Fig. 6 Impedance biosensor of Vit-D₃ studies in [Fe(CN)₆]^3−/4−-containing phosphate buffer (5 mM, 0.9% NaCl, pH 5.7). (a) Nyquist plot of (Z′ real/Ω) vs. (−Z′′ imaginary/Ω) of BSA/Ab Vit-D/B–Mg(OH)₂@MgO/PPy NCs/ITO biosensor impedance sensing in the linear range of 1–200 nM concentration of Vit-D₃. (b) Calibration plot in the linear range of 1–200 nM concentration of Vit-D₃ with two possible fitted circuits inserted. (c)–(f) CV study line + symbol plots in constant SES as well as in the potential range −0.3 V to 0.8 V at a scan rate of 50 mV s⁻¹ of stability, reusability, response time and interference studies, respectively.

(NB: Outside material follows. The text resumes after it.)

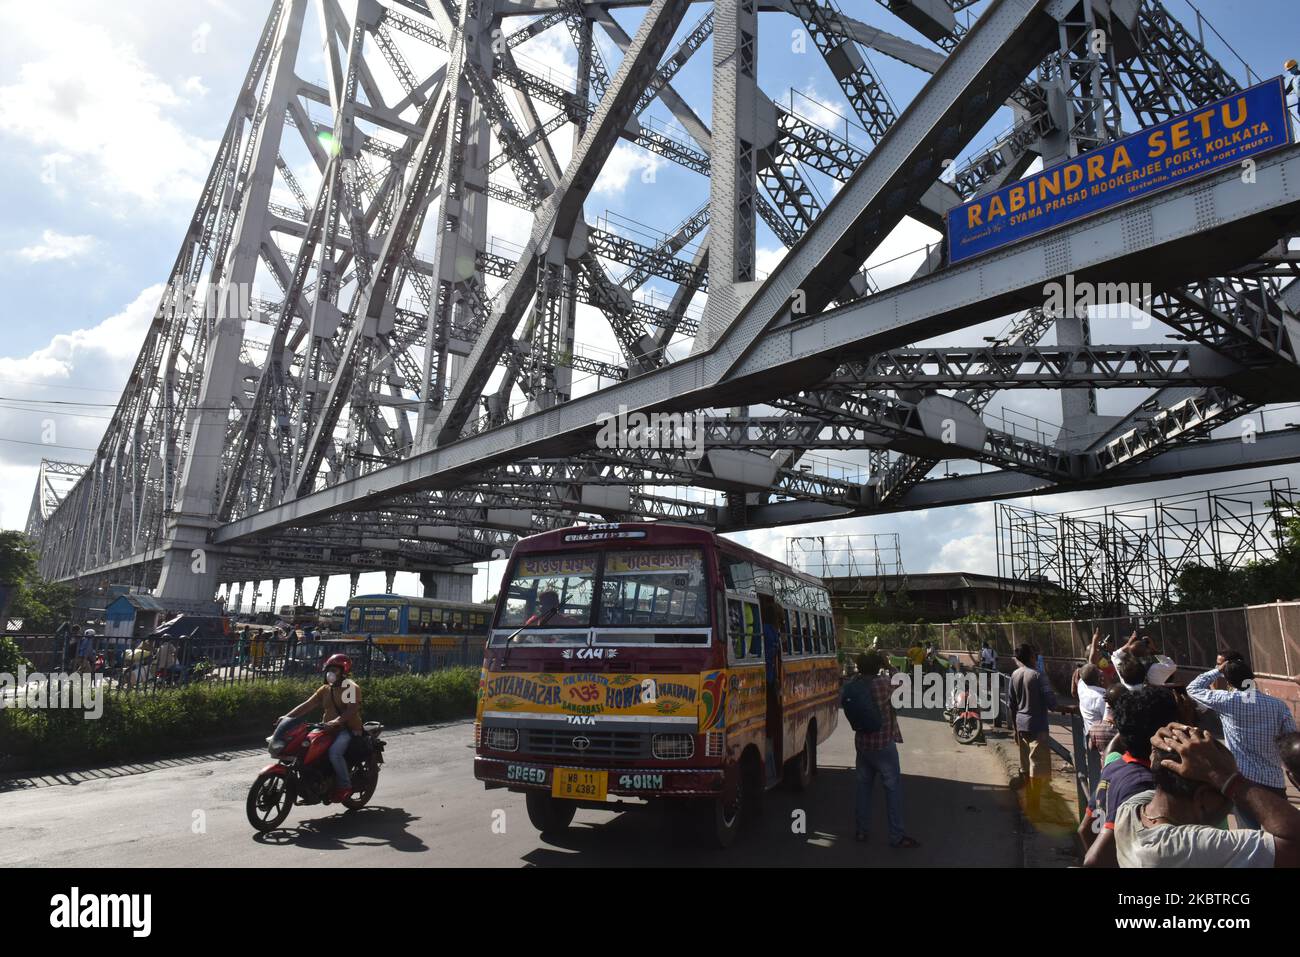 Howrah Bridge oder das Rabindra Setu, das vom Kolkata Port Trust am 17. Juli 2020 offiziell in Dr. SYAMA PRASAD MUKHERJEE Port Trust in Kalkutta, Indien, umbenannt wird. Es ist der älteste operative Hafen in Indien und wurde von der British East India Company gebaut. Der Kolkata Port Trust wurde anlässlich der 150-jährigen Tätigkeit des Kolkata Port durch Premierminister Sri in Dr. Shyama Prasad Mukherjee Port umbenannt. Narendra Modi während seines Besuchs in Kalkata, um am 12.. Januar 2020 am Port Trust-Programm teilzunehmen. (Foto von Sukhomoy Sen/NurPhoto) Stockfoto

Table 1 presents a comparative study of previously reported research articles for the detection of Vit-D₃ along with their sensing performance. In these reports, heavy metal and metal oxide based electrochemical biosensors have been used for CV and DPV techniques, but these techniques are not much more informative and using heavy metals is hazarous. This work presents an environmentally friendly approach to fabricate an impedance biosensor for Vitamin D₃ to address aforementioned challenge.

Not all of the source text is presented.